◆ Required work ◆
A word-for-word copy of the data is what's wanted; pictures stay out of it.

Stored data START

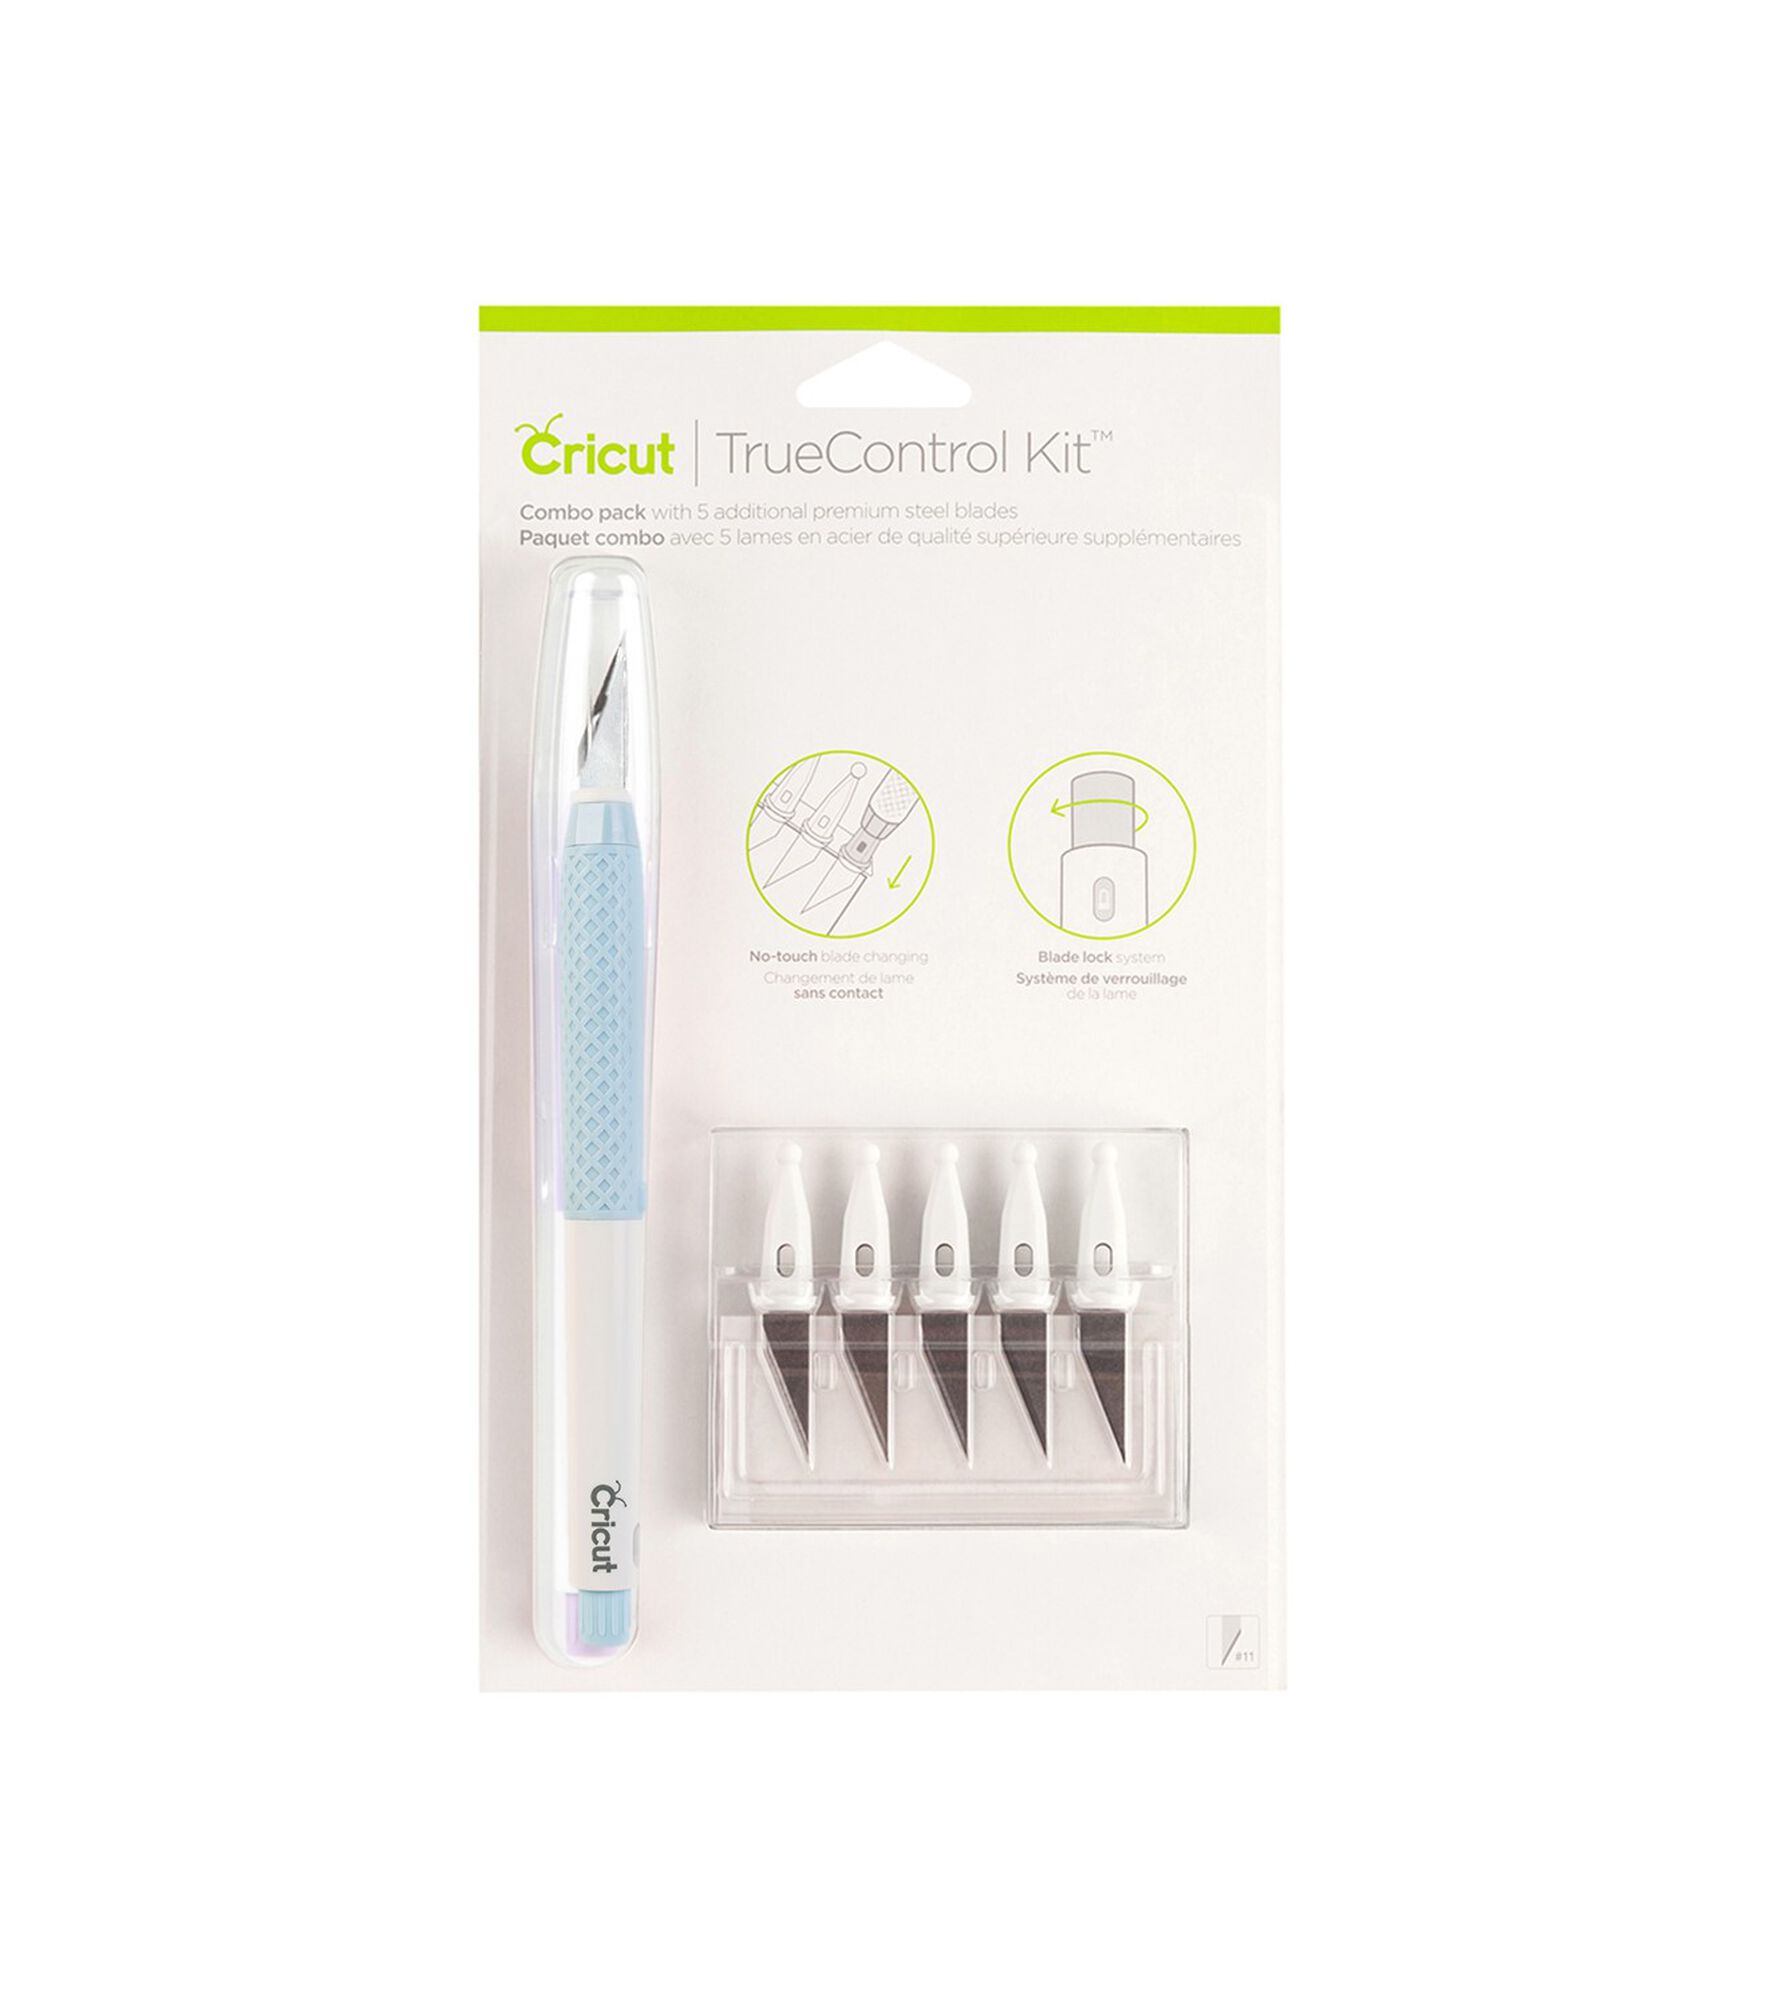 Cricut Blades Combo Box of 5 Replacement Blades. 
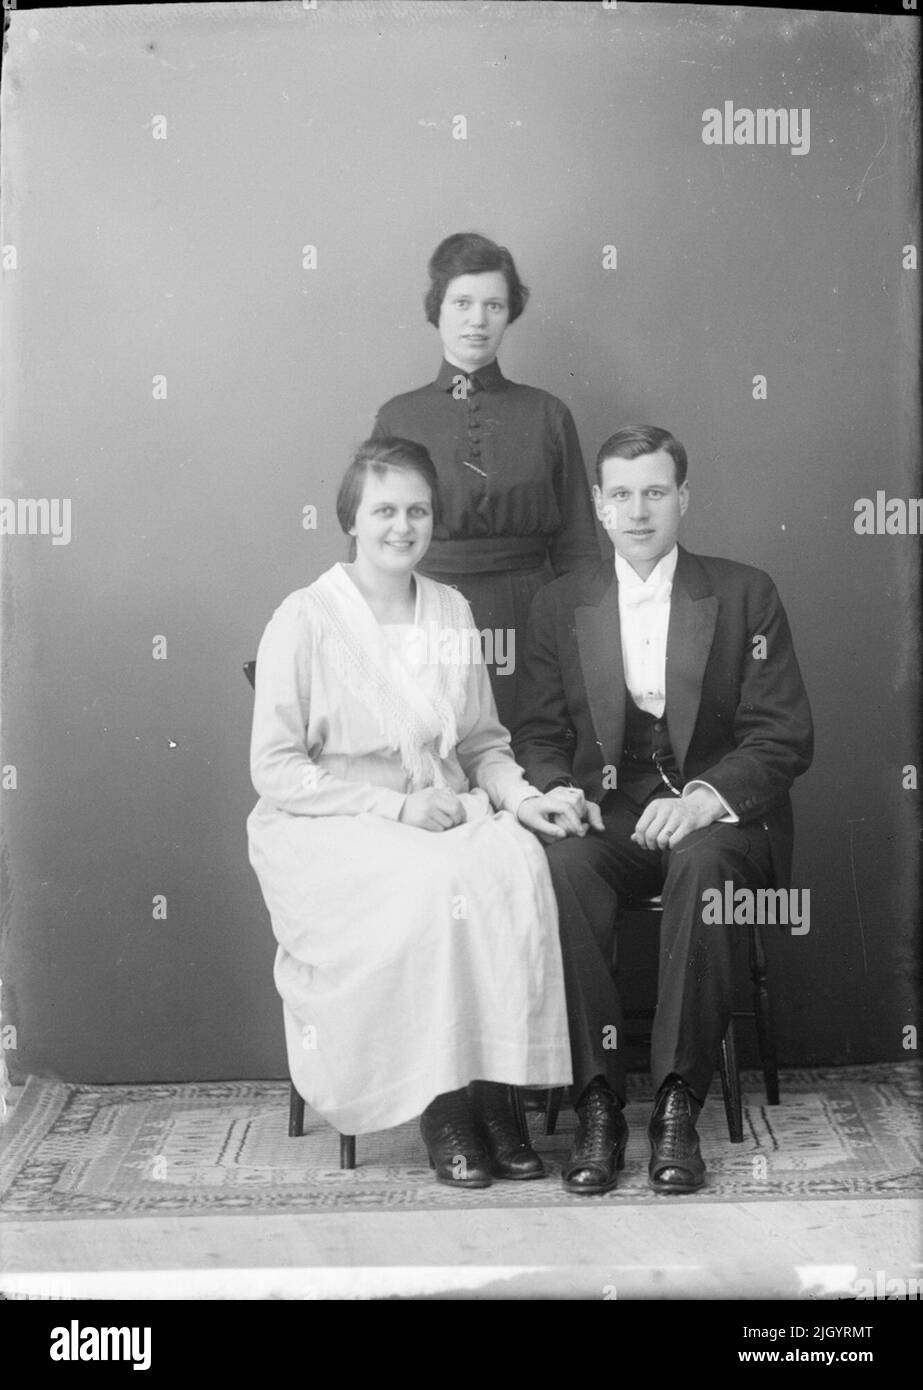 Group portrait - two women and one man, Östhammar, Uppland. Historical event, name related to Objek: Eriksson, Elov Stock Photo
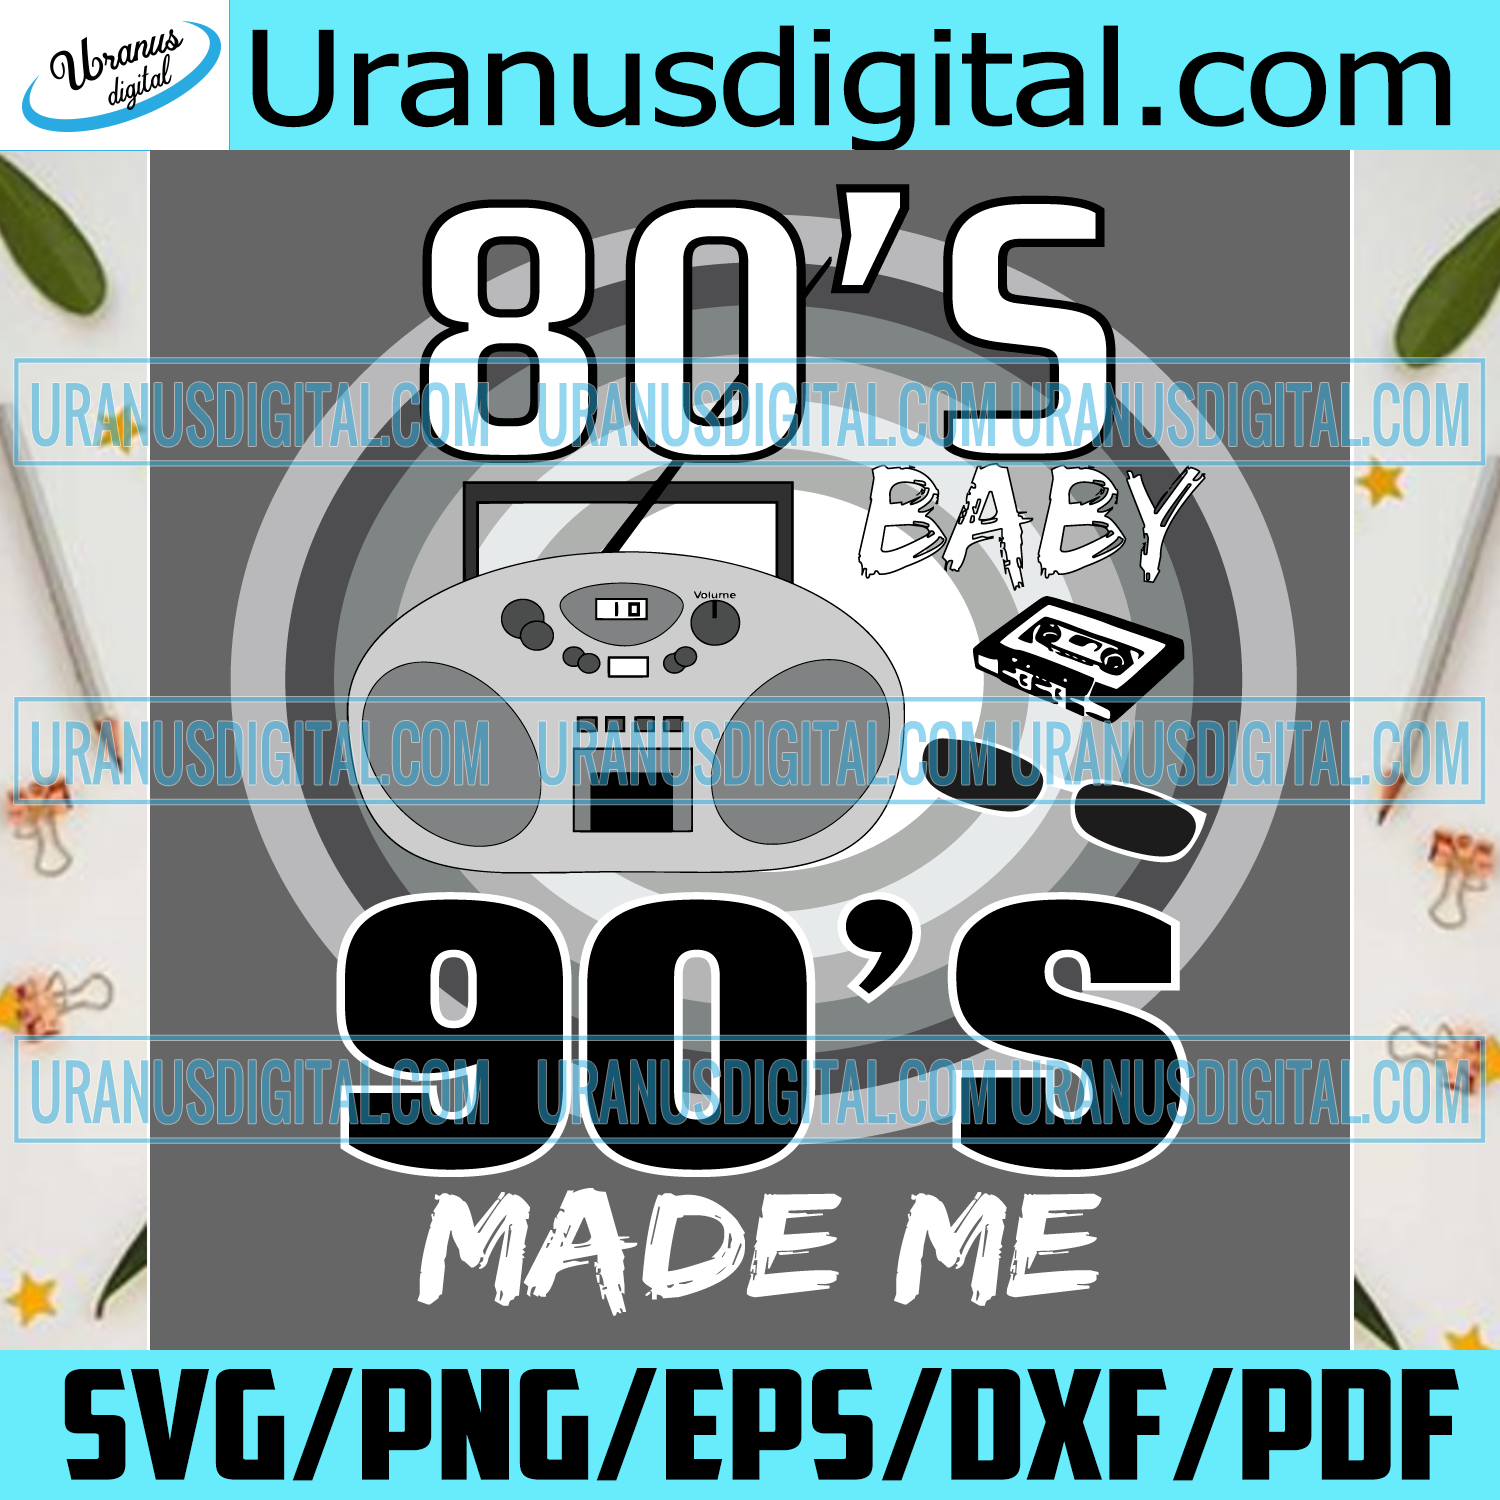 Download 80s Baby 90s Made Me Svg Birthday Svg 80s Baby Svg 90s Made Me Svg Uranusdigital
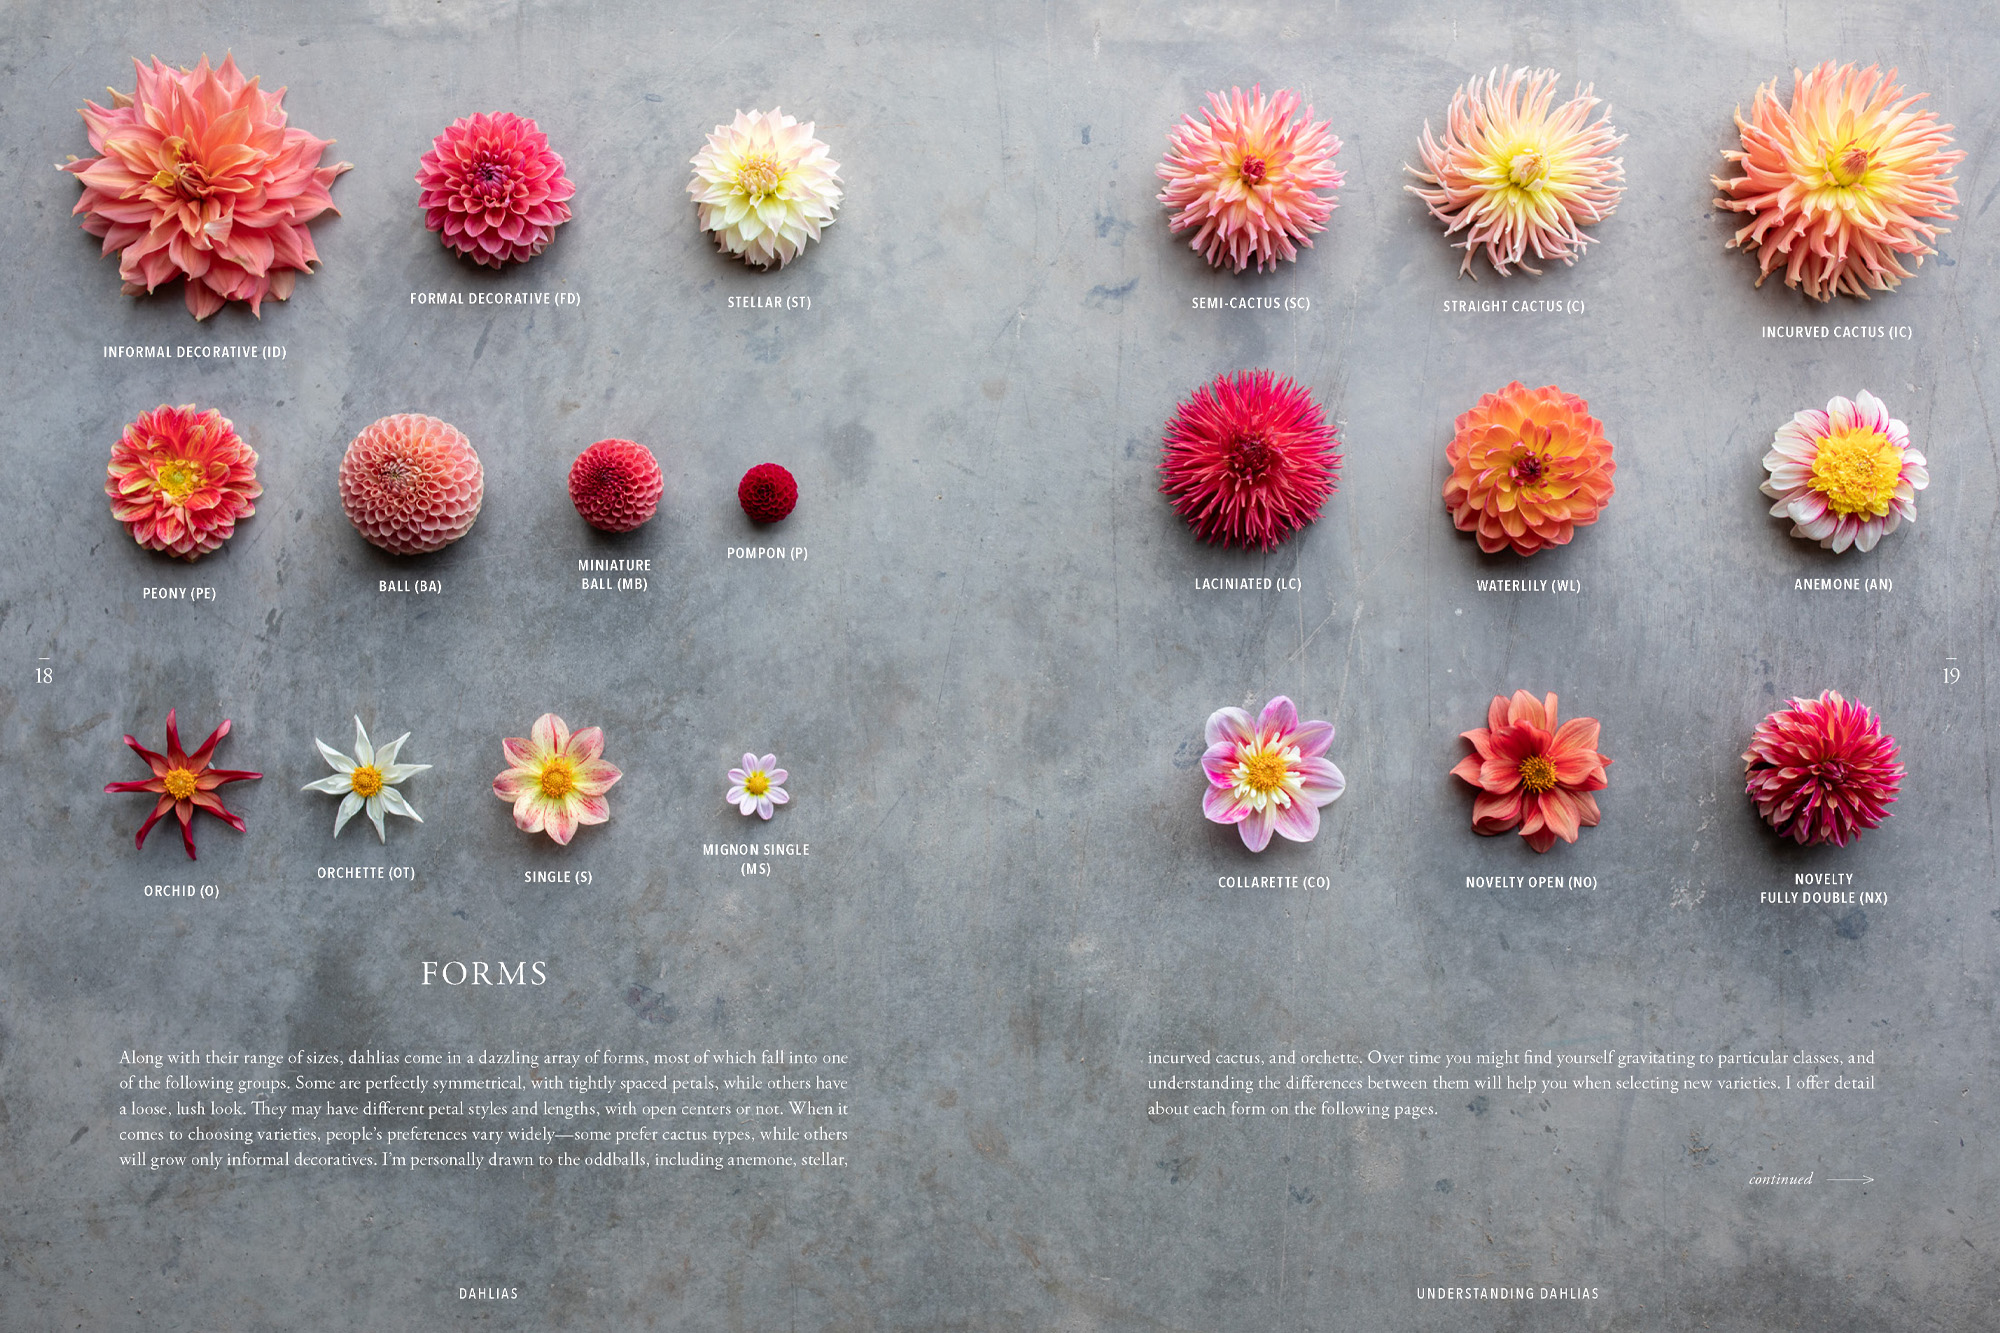 A page from Floret Farm's Discovering Dahlias

Stored data END

◆ Your solution ◆
 Cricut Blades Combo Box of 5 Replacement Blades. 
 Group portrait - two women and one man, Östhammar, Uppland. Historical event, name related to Objek: Eriksson, Elov Stock Photo
 Download 80s Baby 90s Made Me Svg Birthday Svg 80s Baby Svg 90s Made Me Svg Uranusdigital
 A page from Floret Farm's Discovering Dahlias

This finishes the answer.